I would have to respectfully disagree with you Complete. Silverlight is simply a subset of WPF with the functionality between them getting closer together. Silverlight is not ASP.NET centric, though I could see how you might think it is. The default project for Visual Studio will create an ASP.NET page and an HTML page that you can use to host your Silverlight app, which really boils down to 1 or more .XAP files, heck you can even host your .XAP within a SharePoint page.
Silverlight is a cross-browser, cross-platform solution. So if you need to develop a solution that is web based and needs to work on Windows/Linux/Mac than Silverlight is your solution. If you need to develop a solution that is for Windows only machines than Silverlight or WPF could work for you. This choice comes down to your needs, do you need deep OS integration?

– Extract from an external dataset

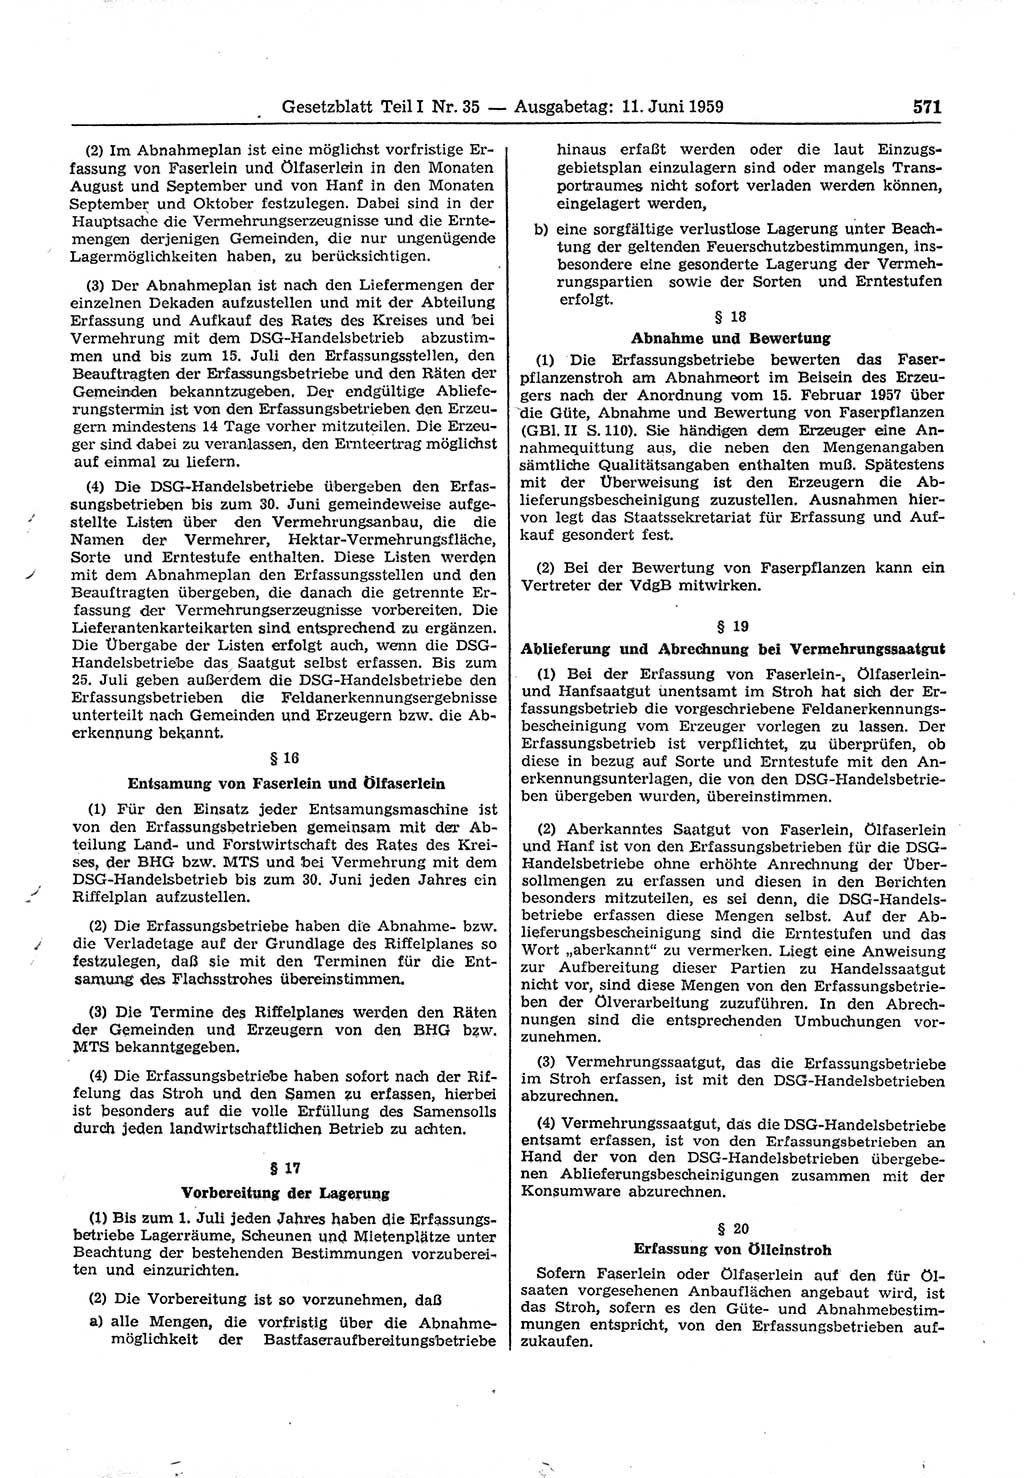 Gesetzblatt (GBl.) der Deutschen Demokratischen Republik (DDR) Teil Ⅰ 1959, Seite 571 (GBl. DDR Ⅰ 1959, S. 571)

Then WPF is the right solution. Can you get away with printing, file system access and integration via COM? Then Silvelright may be just fine.
From an asthetics perspective they are pretty much the same with the big difference being 3D in WPF and no 3D in Silverlight.
So, to your point about Silverlight being able to use "cool" controls and not WPF, this is where I believe you just need to look a little deeper. WPF and Silverlight are both based on XAML, and almost 100% identical XAML. So if you can create (buy) a cool control for Silverlight you are almost guaranteed that there is a similar control for WPF.